China's manufacturing is down as well. That ain't good news. It's inevitable what happens when the heroin (fed reserve) gets tight and there is nothing besides debt to support it.

That's why the premiums on options are so insane in many places right now. The market knows...denial ain't just a river in Egypt.
 
N

NorC@liGrower

China's manufacturing is down as well. That ain't good news. It's inevitable what happens when the heroin (fed reserve) gets tight and there is nothing besides debt to support it.

That's why the premiums on options are so insane in many places right now. The market knows...denial ain't just a river in Egypt.
Yeah like last month was the first down month for China manufacturing in 7 months or maybe even more.

As for the heroin thing markets go up and markets go down. Cycles been there forever. Corporations sitting on a LOT of cash and the expectation is that as the Fed tapers companies will start to put that money to good use as, according to some, underlying indicators in the economy improve.

Premiums on options are higher because volatility has increased.

I mean seriously markets at all time highs and since we're pulling back this is the end?

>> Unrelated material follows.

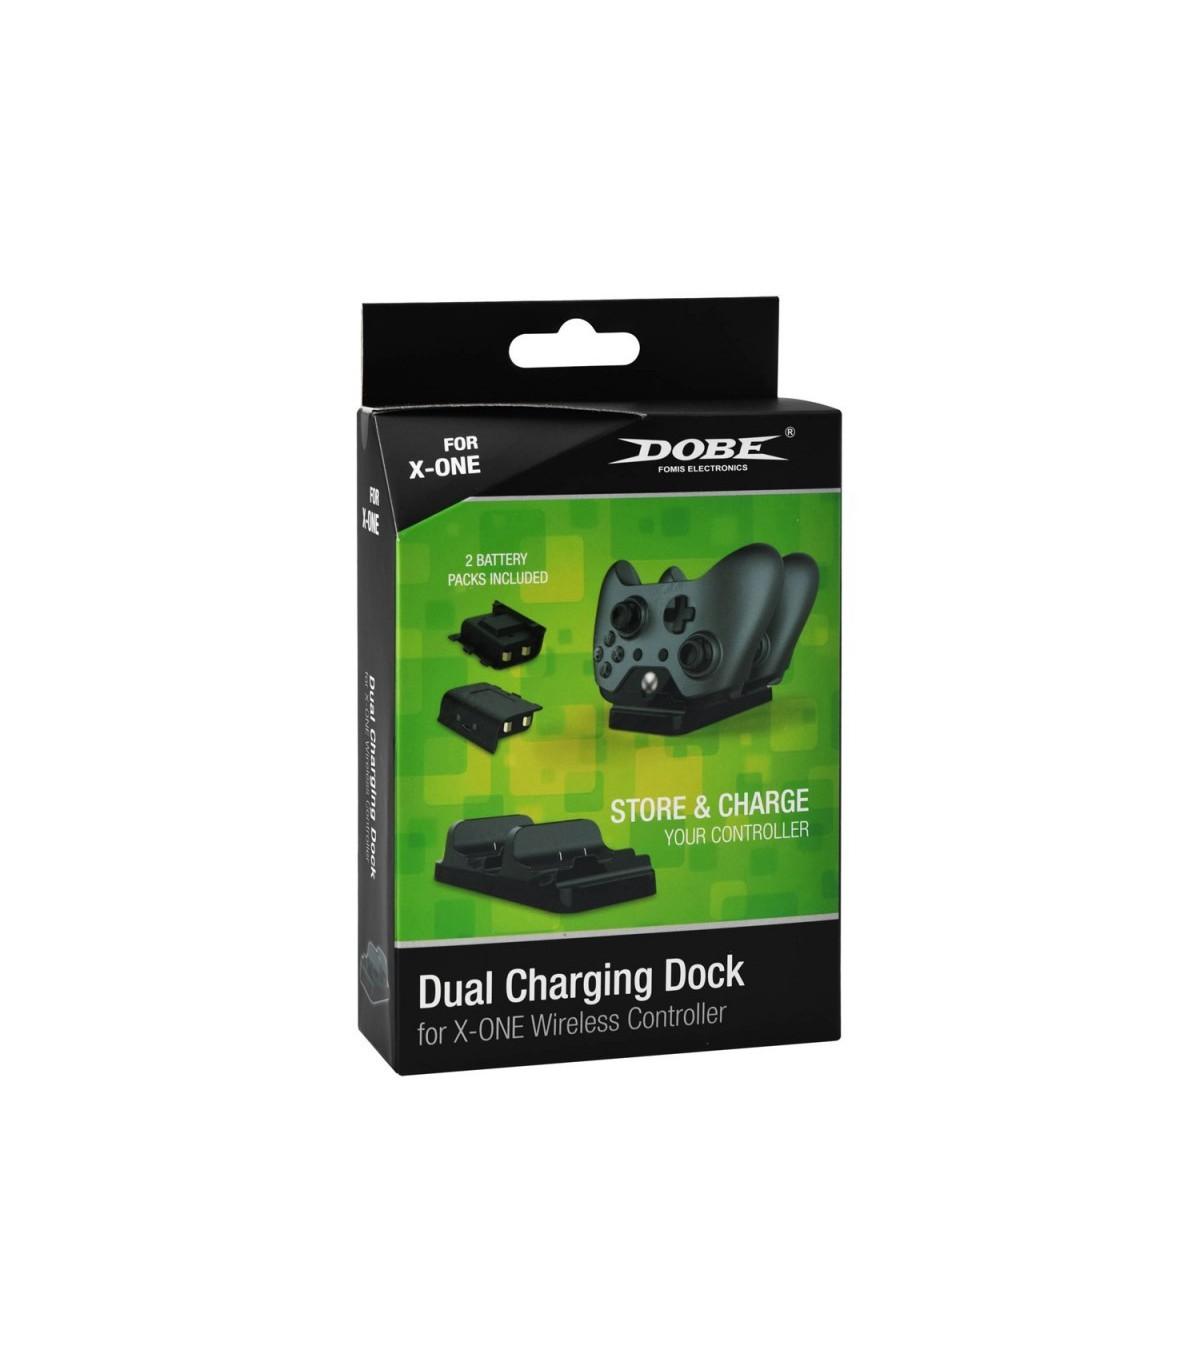 استند شاژر دسته ایکس باکس وان  Dual Chargin Dock Xbox One Controller

Not saying you said that HenDokYaku. Just time to wring out some of the excess.
 

SpasticGramps

Don't Drone Me, Bro!
ICMag Donor
Veteran
BTFD

i_hilarious_moar_pictures_029_501591d0bda90_0.jpg


Submitted by Detlev Schlichter of DetlevSchlichter.com,

A new meme is spreading in financial markets: The Fed is about to turn off the monetary spigot. US Printmaster General Ben Bernanke announced that he might start reducing the monthly debt monetization program, called ‘quantitative easing’ (QE), as early as the autumn of 2013, and maybe stop it entirely by the middle of next year. He reassured markets that the Fed would keep the key policy rate (the Fed Funds rate) at near zero all the way into 2015.

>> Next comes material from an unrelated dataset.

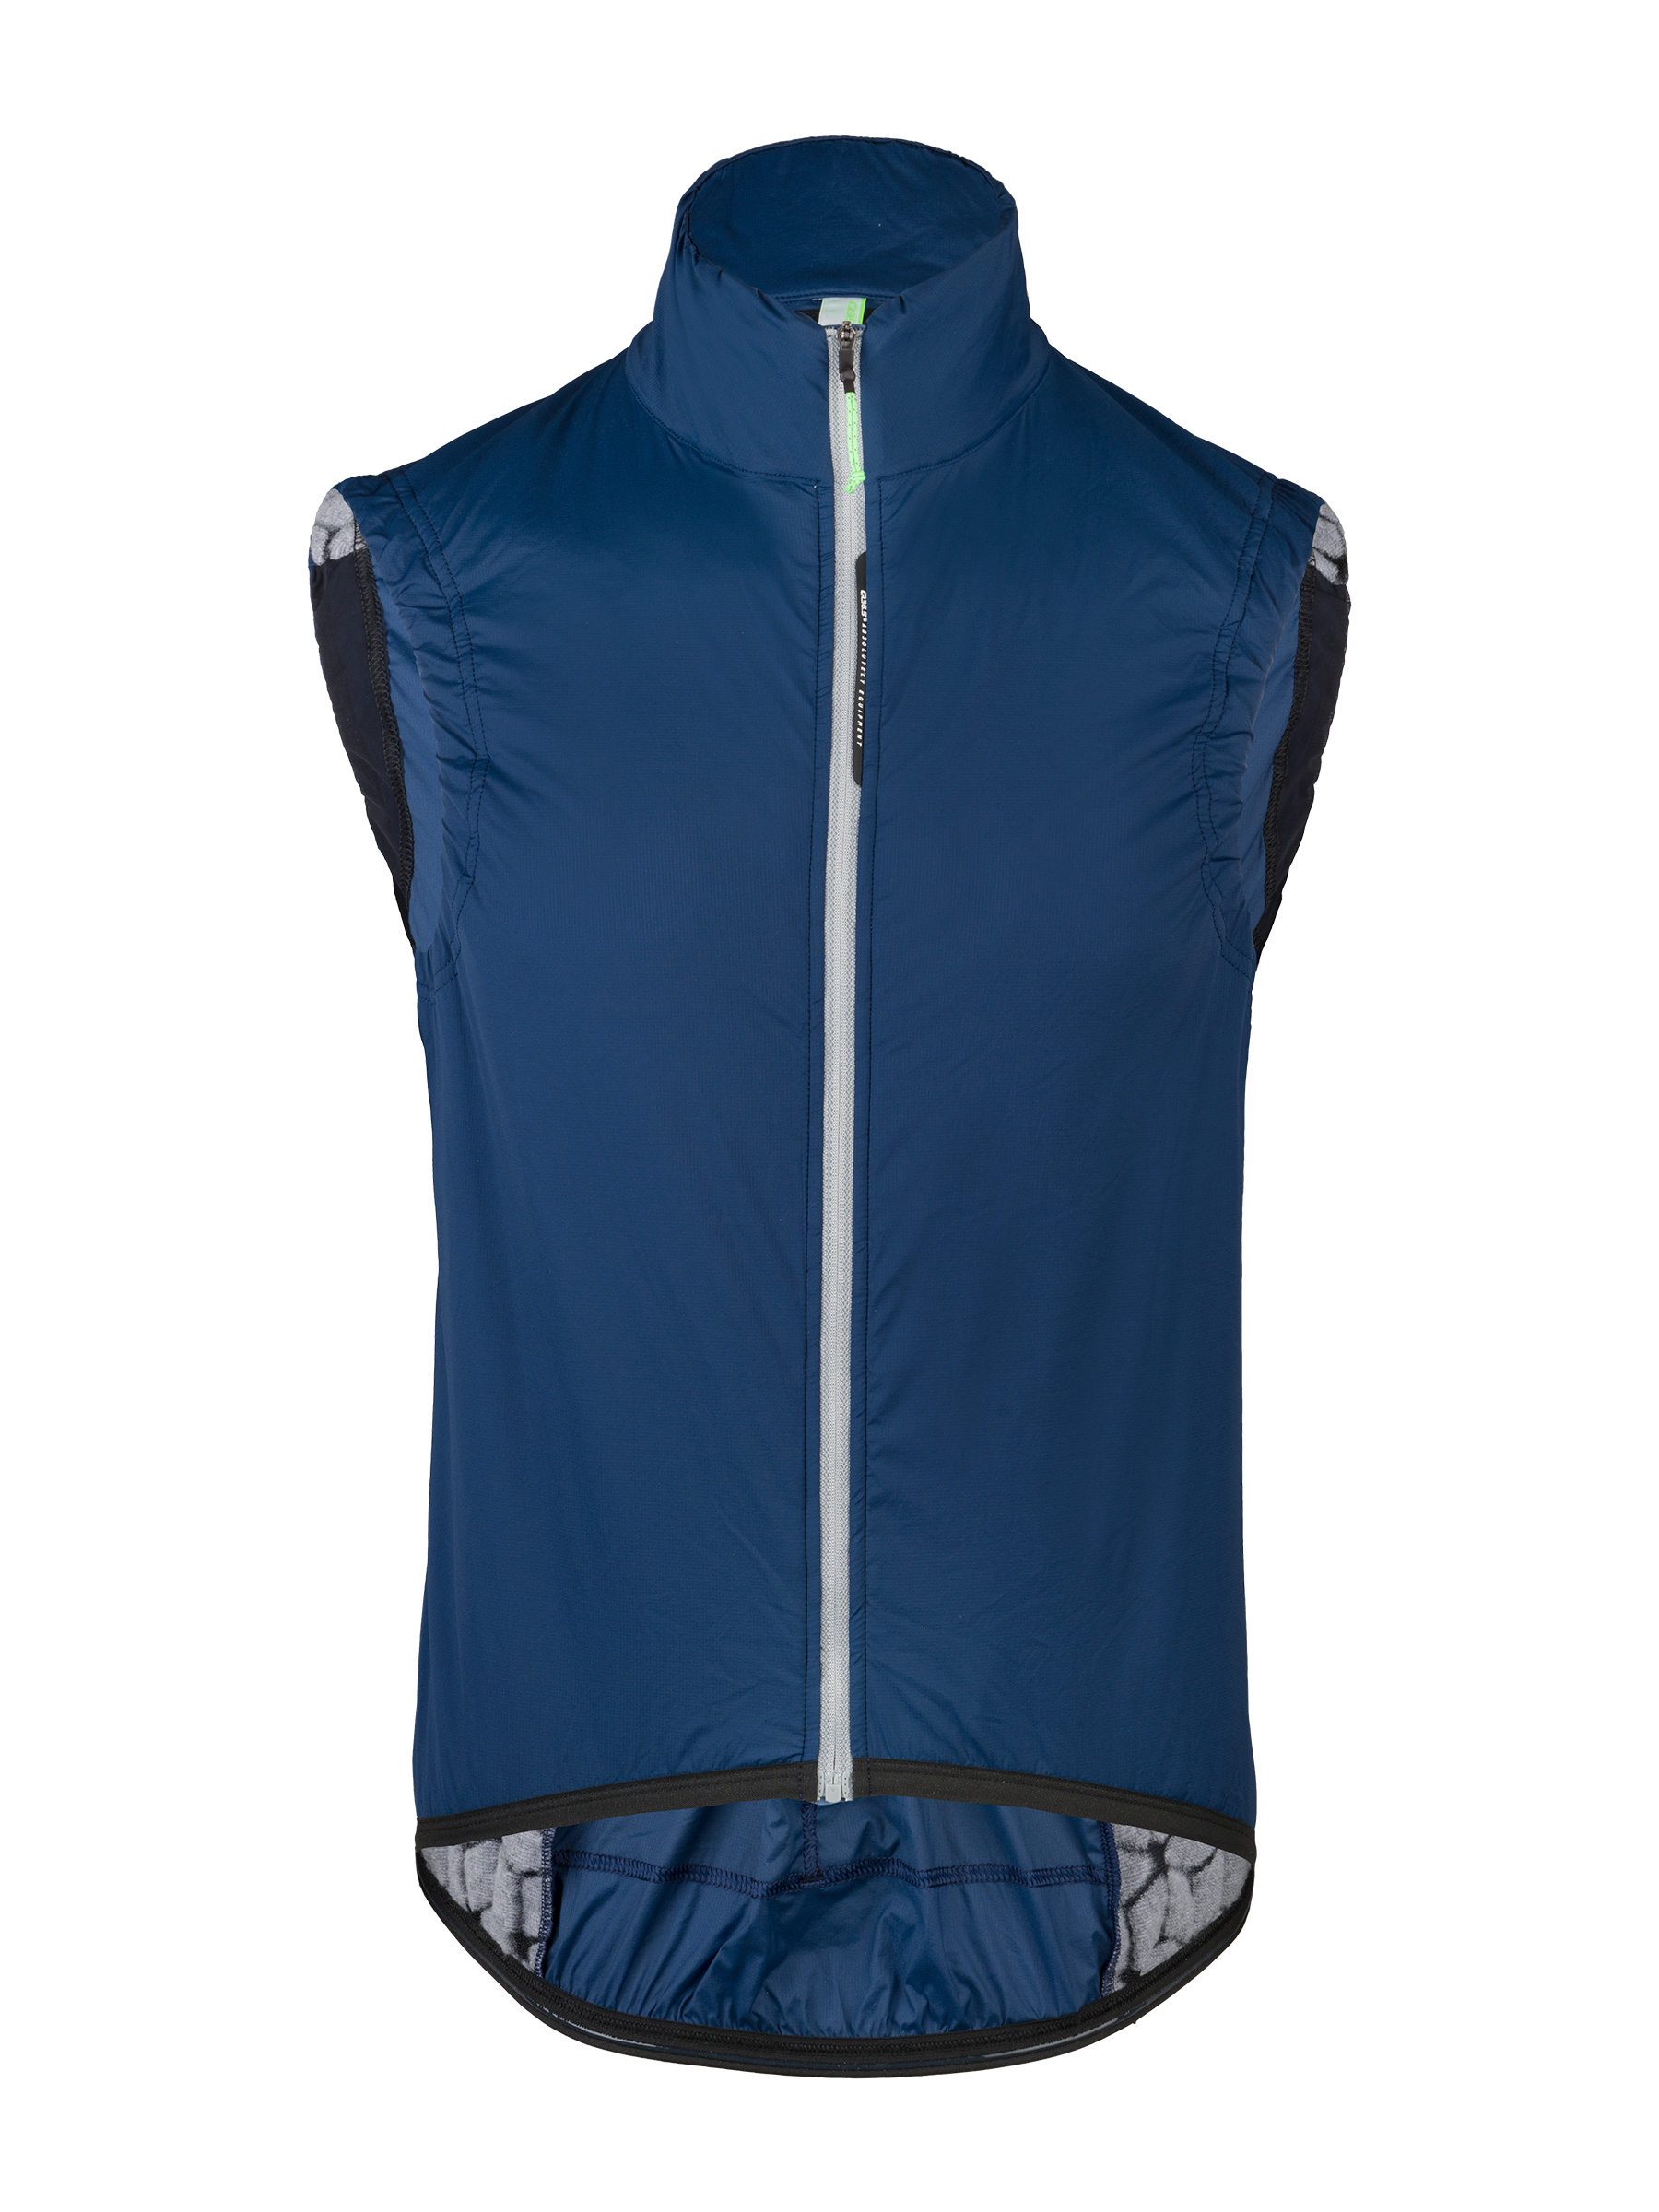 mens cycling vest adventure navy blue 061.9

Still, the end of QE is seen as the beginning of the end of super-easy policy and potentially the first towards normalization, as if anybody still had any idea of what ‘normal’ was.

Fearing that the flow of nourishing mother milk from the Fed could dry up, a resolutely unweaned Wall Street threw a hissy fit and the dummy out of the pram.


So far, so good. There is only one problem: it won’t happen.
 

Tripsick

Experienced?
Veteran
hmm i wonder when its going to stop..

CNN:
U.S. stocks tumbled to their lowest levels in two months Monday, as persistent worries about the Fed easing up on stimulus were exacerbated by a plunge in Chinese stocks.
 

SpasticGramps

Don't Drone Me, Bro!
ICMag Donor
Veteran
China is having a full blown liquidity crisis.

Markets will plunge until Bernanke says he will continue to print forever.

The old Bernanke put was at ~SP 1050. If the Dow goes back to 10,000 everyone and their grandmother will be begging Bernanke to keep printing.

It doesn't matter that they haven't actually stopped doing anything. If he says he's going to slow it down and stop it later, traders will head to exits to frontrun the move and immediately price in the terminal end to QE. It's a Greater Fools Market. No one wants to be left holding the bag of shit when the massive bubble pops.

Although, we will see QE99 before it's all over with. By then markets may have lost faith in Bernanke's unicorns and rainbows magic experiment.